Task description:
Within the entries below, please return exactly the lines from the one with "28 Ink Brushes for Photoshop" through the one with "Nephin Storm Jacket in Volt Blue", leaving out any pictures.

Data provided:
══════════════════════════════
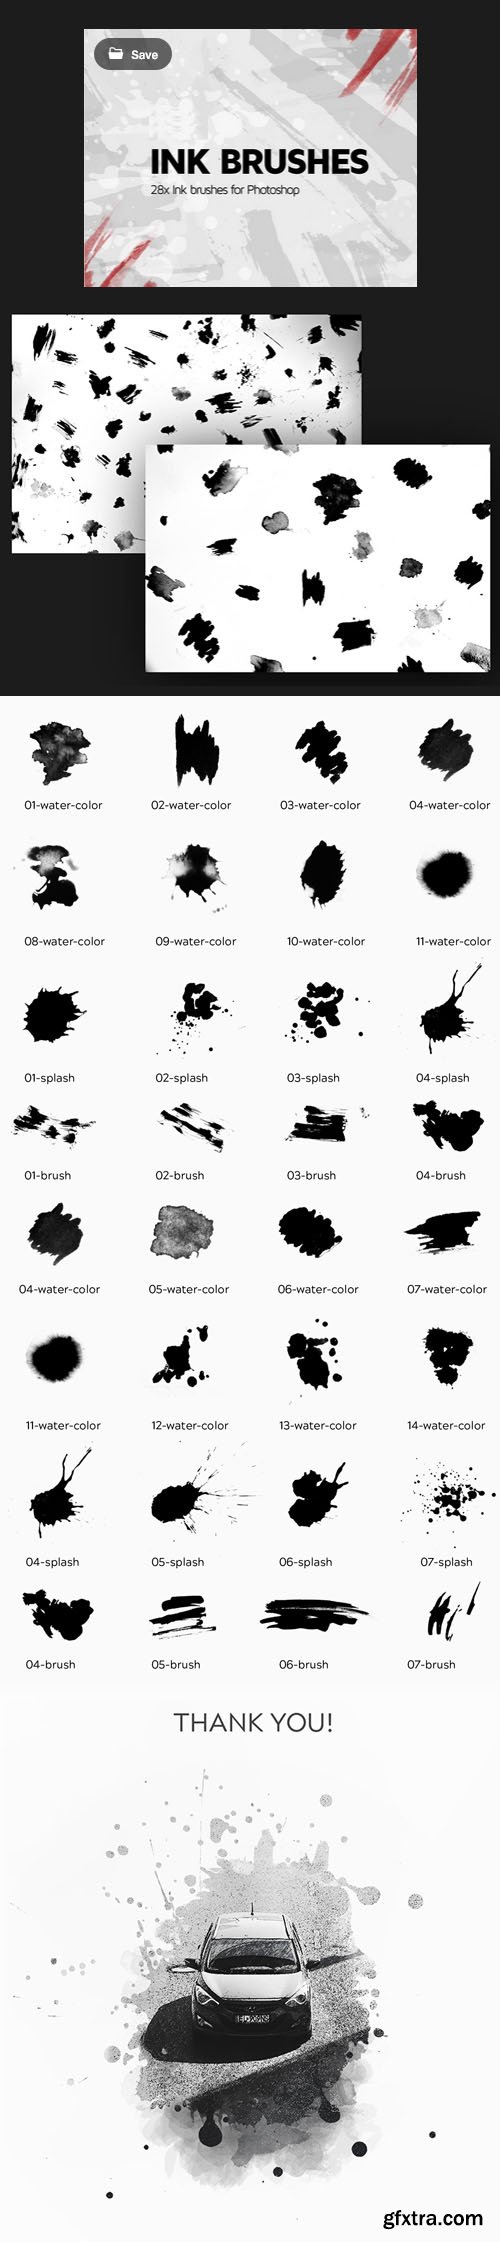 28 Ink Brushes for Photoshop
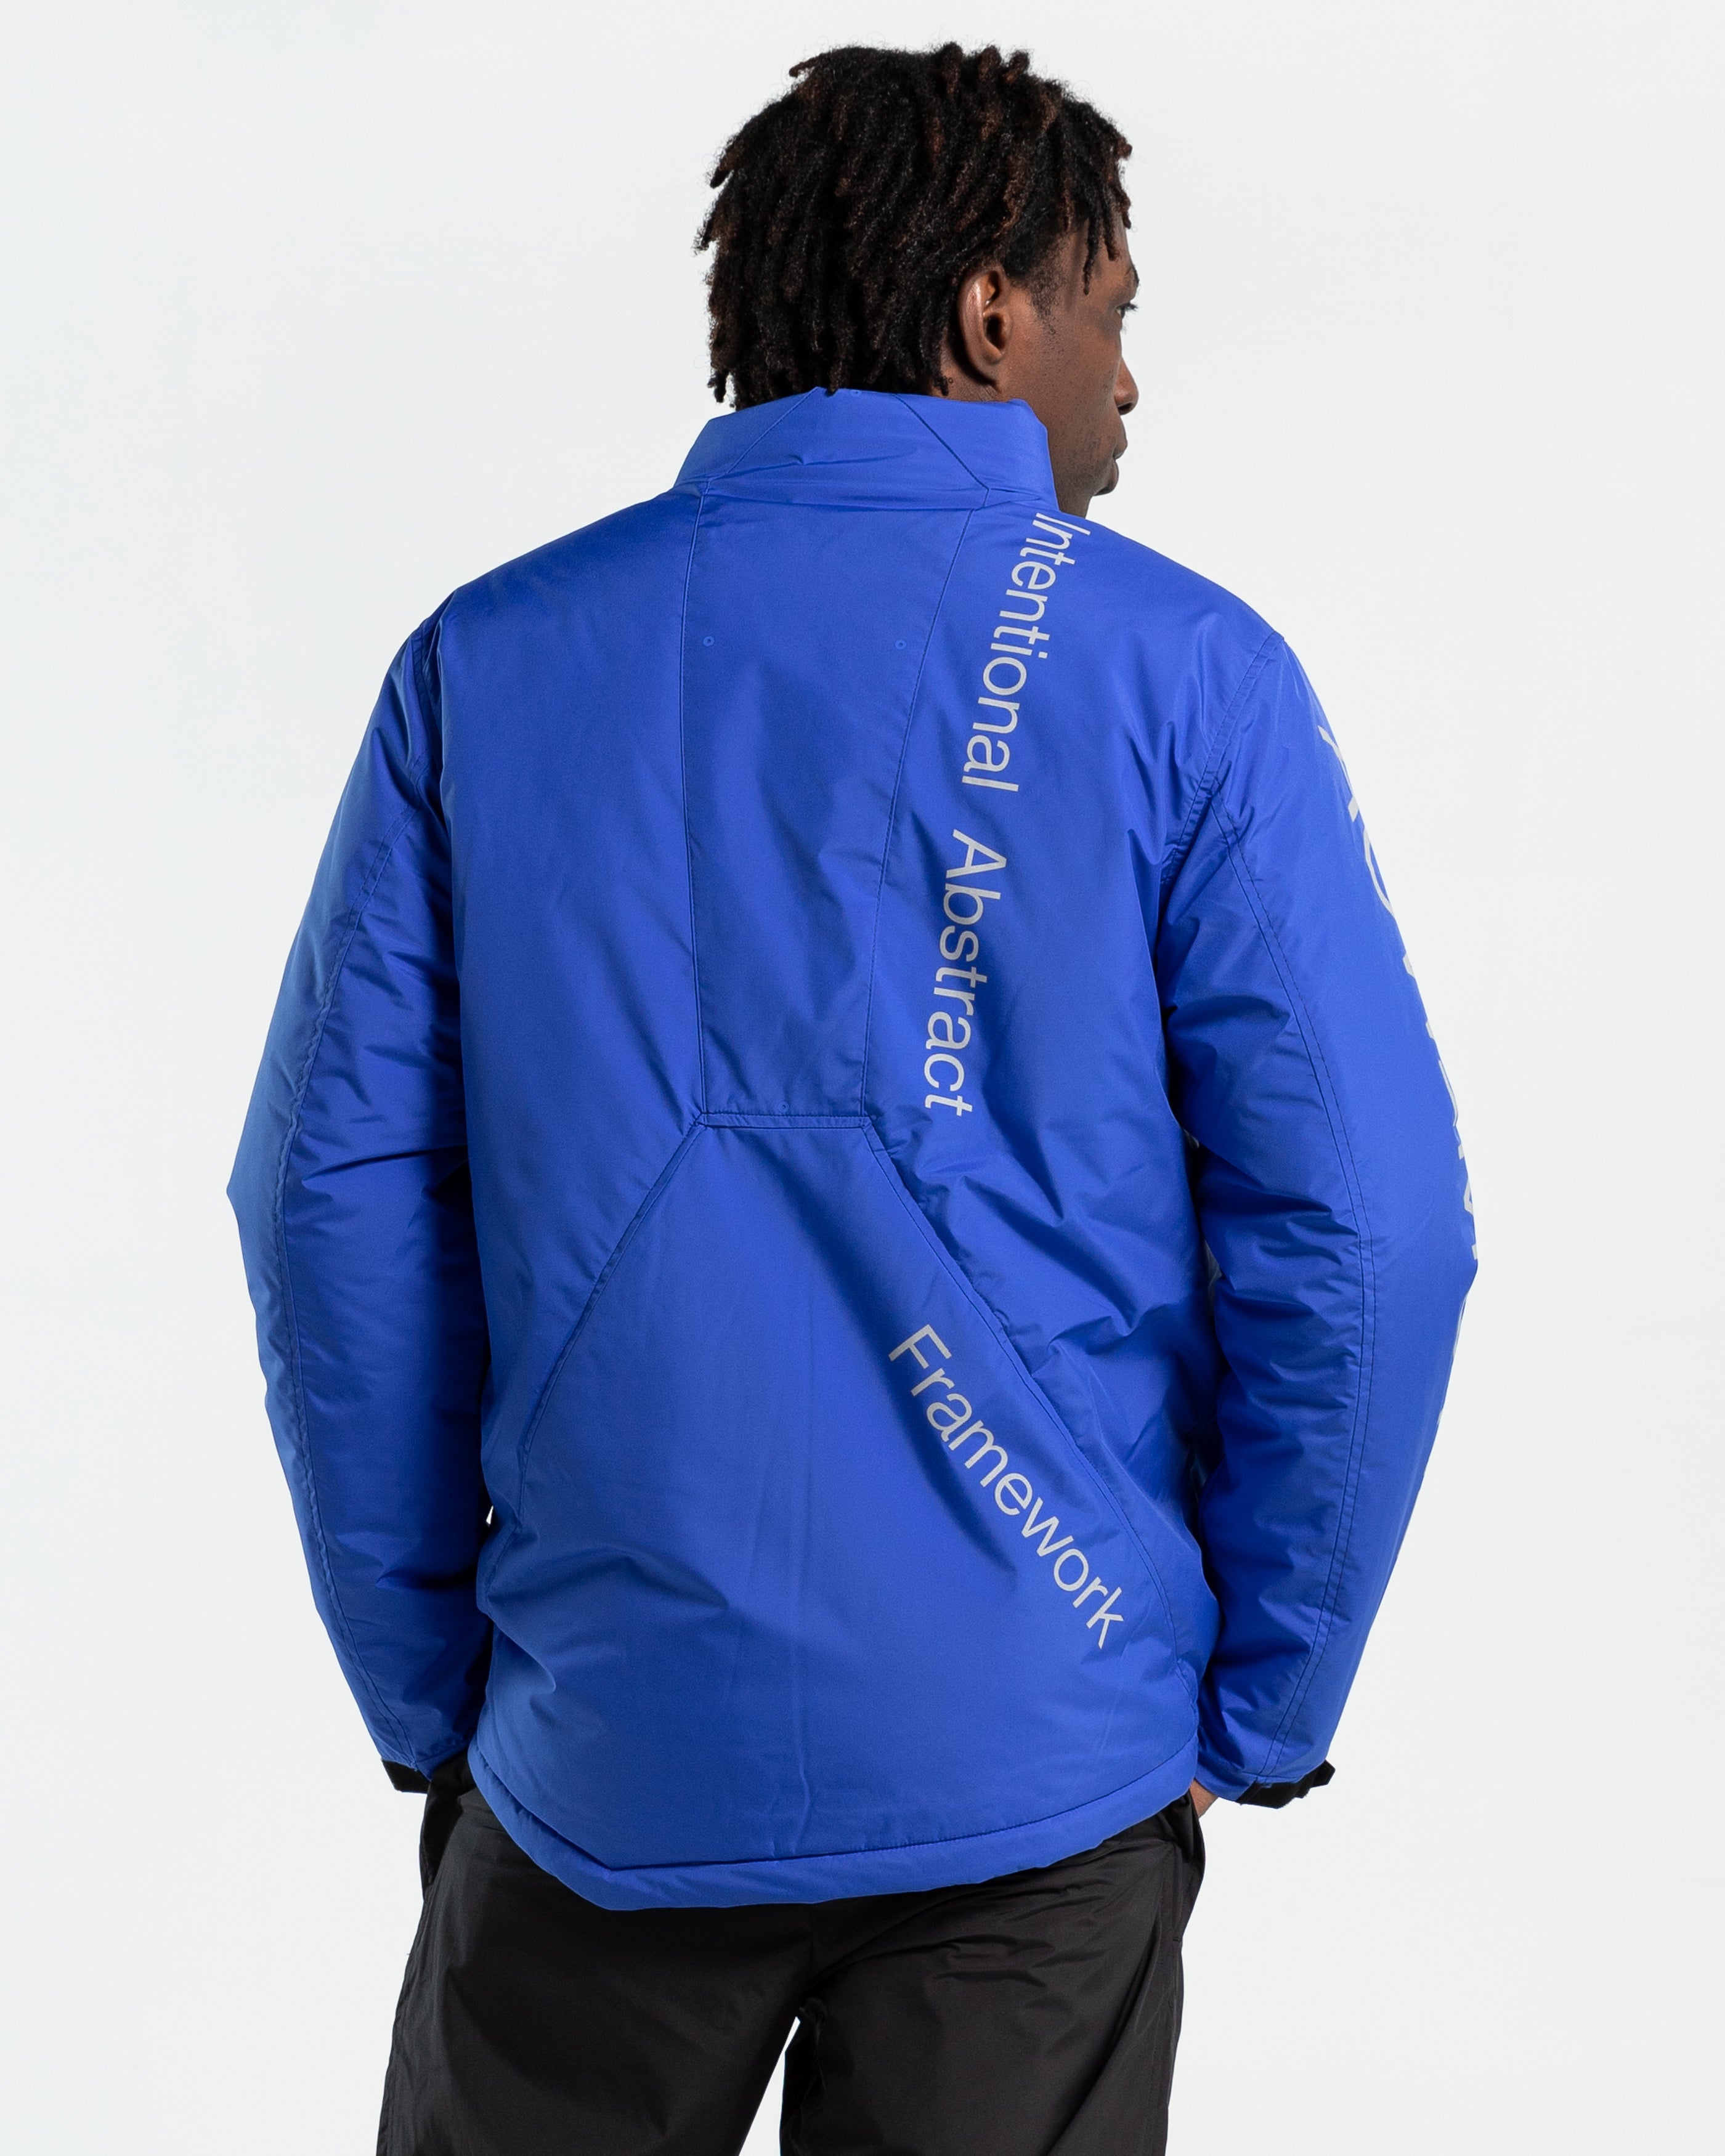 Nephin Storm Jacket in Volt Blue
══════════════════════════════
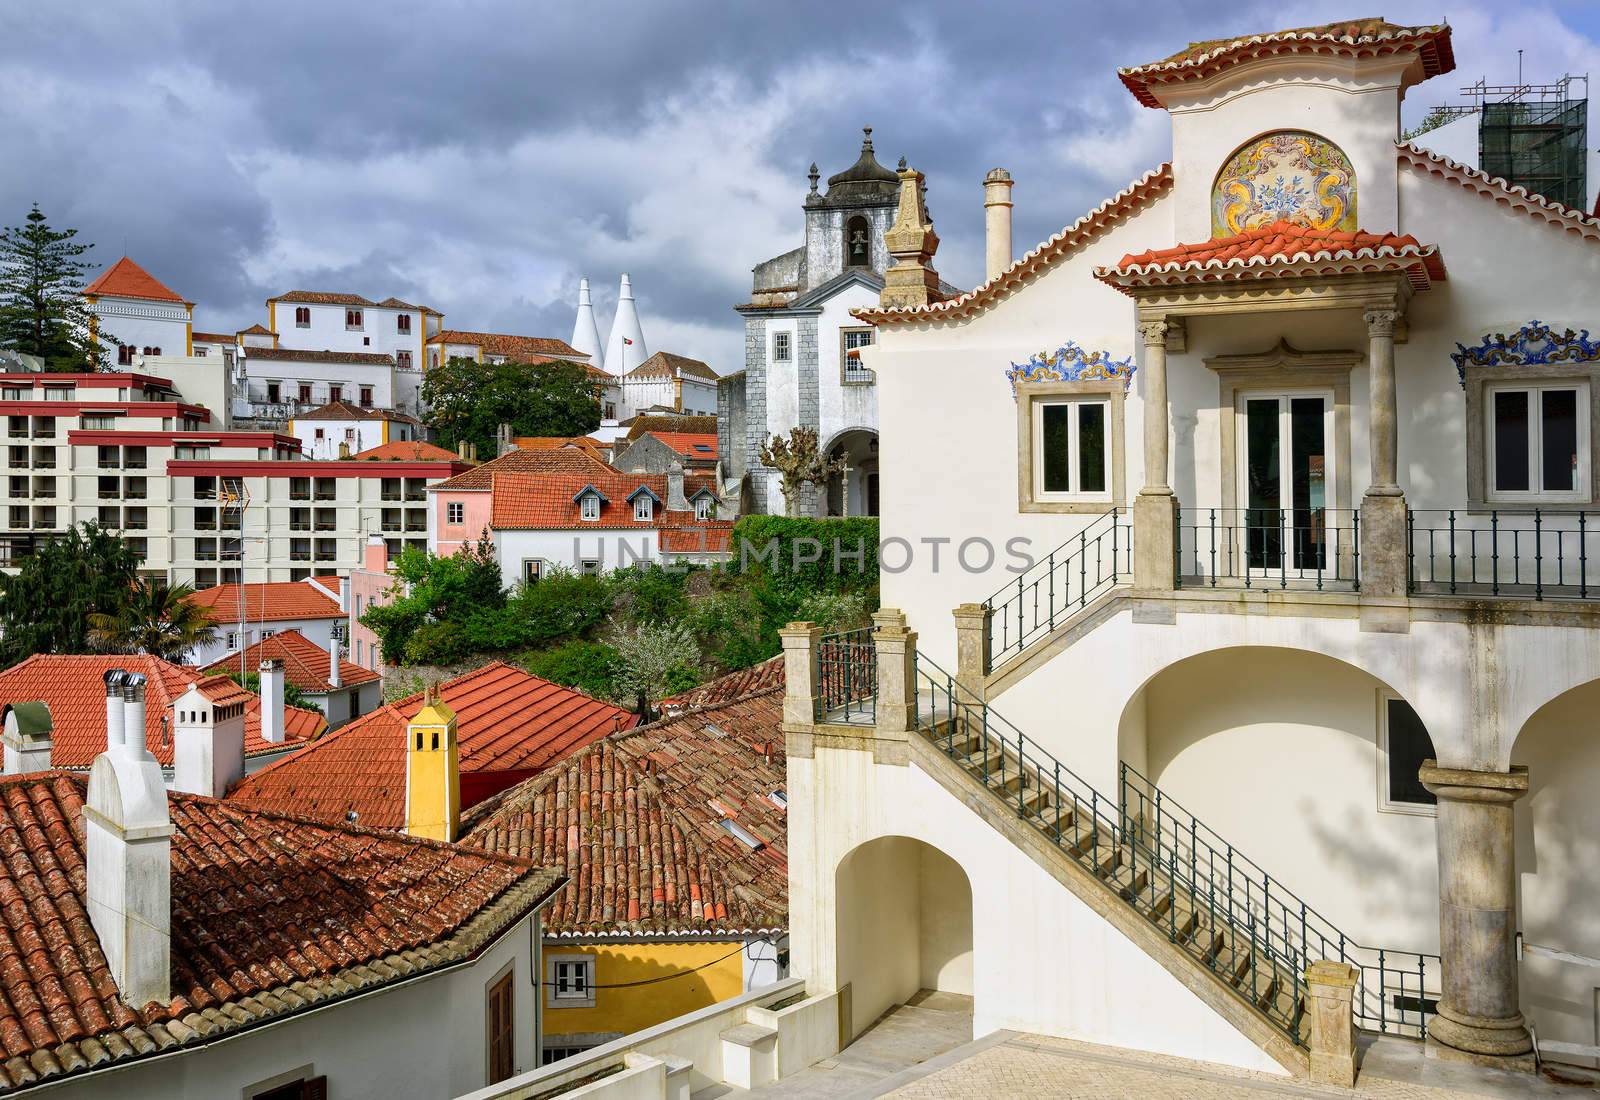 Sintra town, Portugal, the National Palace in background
══════════════════════════════
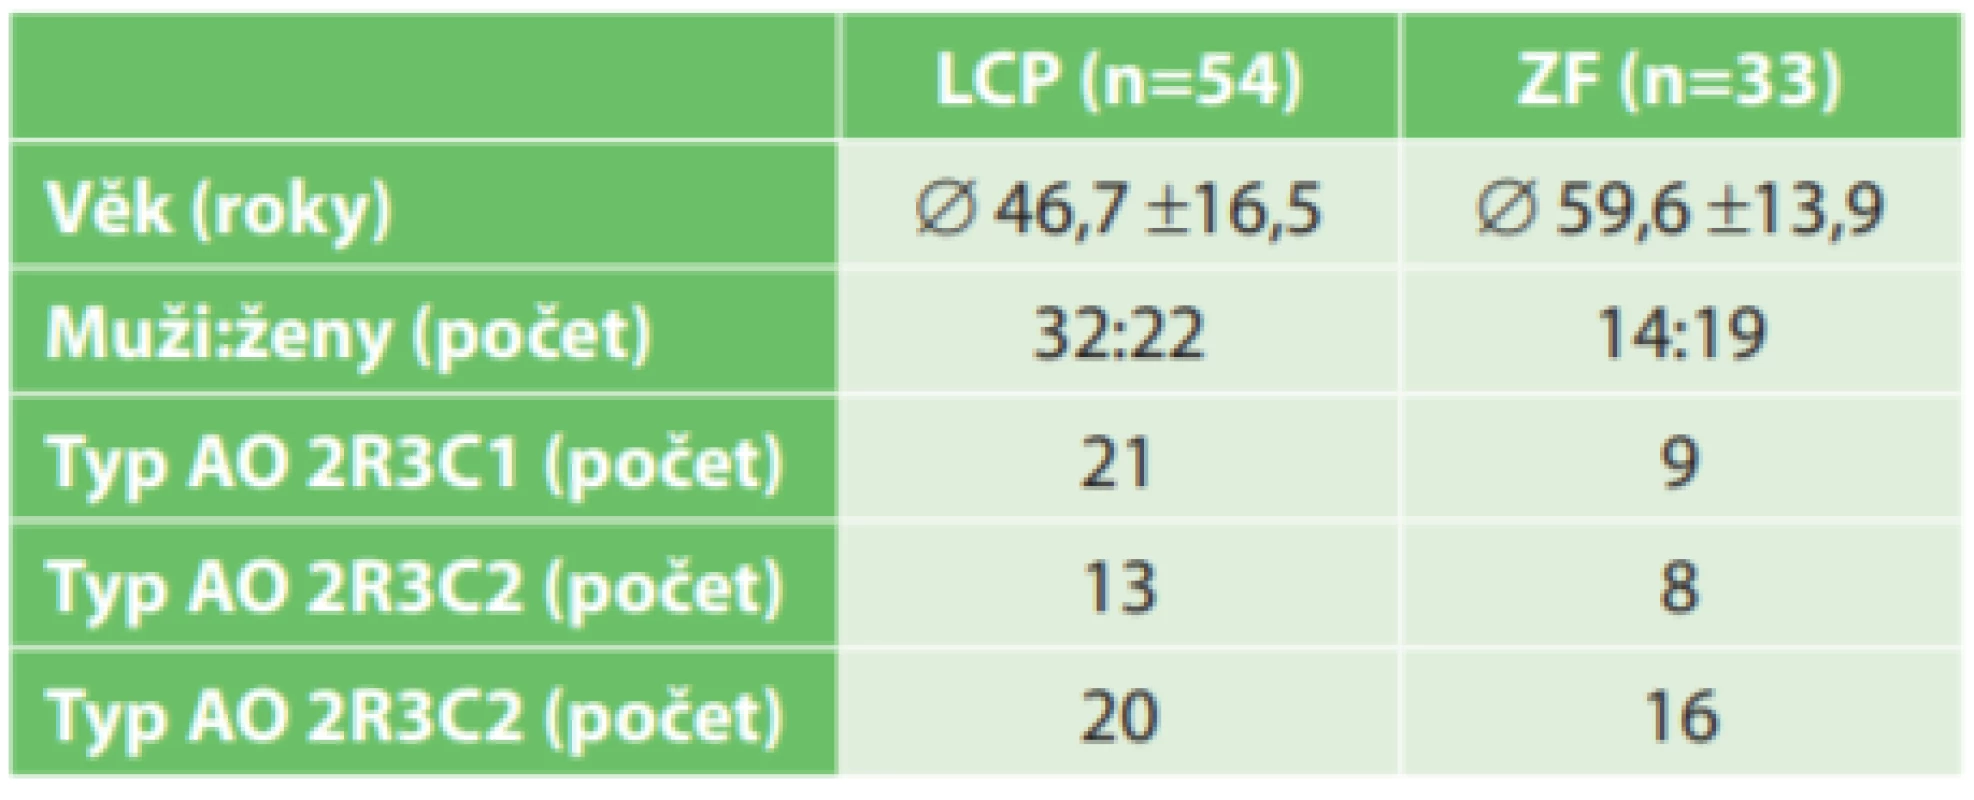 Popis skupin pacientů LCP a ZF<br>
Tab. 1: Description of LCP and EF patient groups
══════════════════════════════
Solved problem:
 28 Ink Brushes for Photoshop
 Nephin Storm Jacket in Volt Blue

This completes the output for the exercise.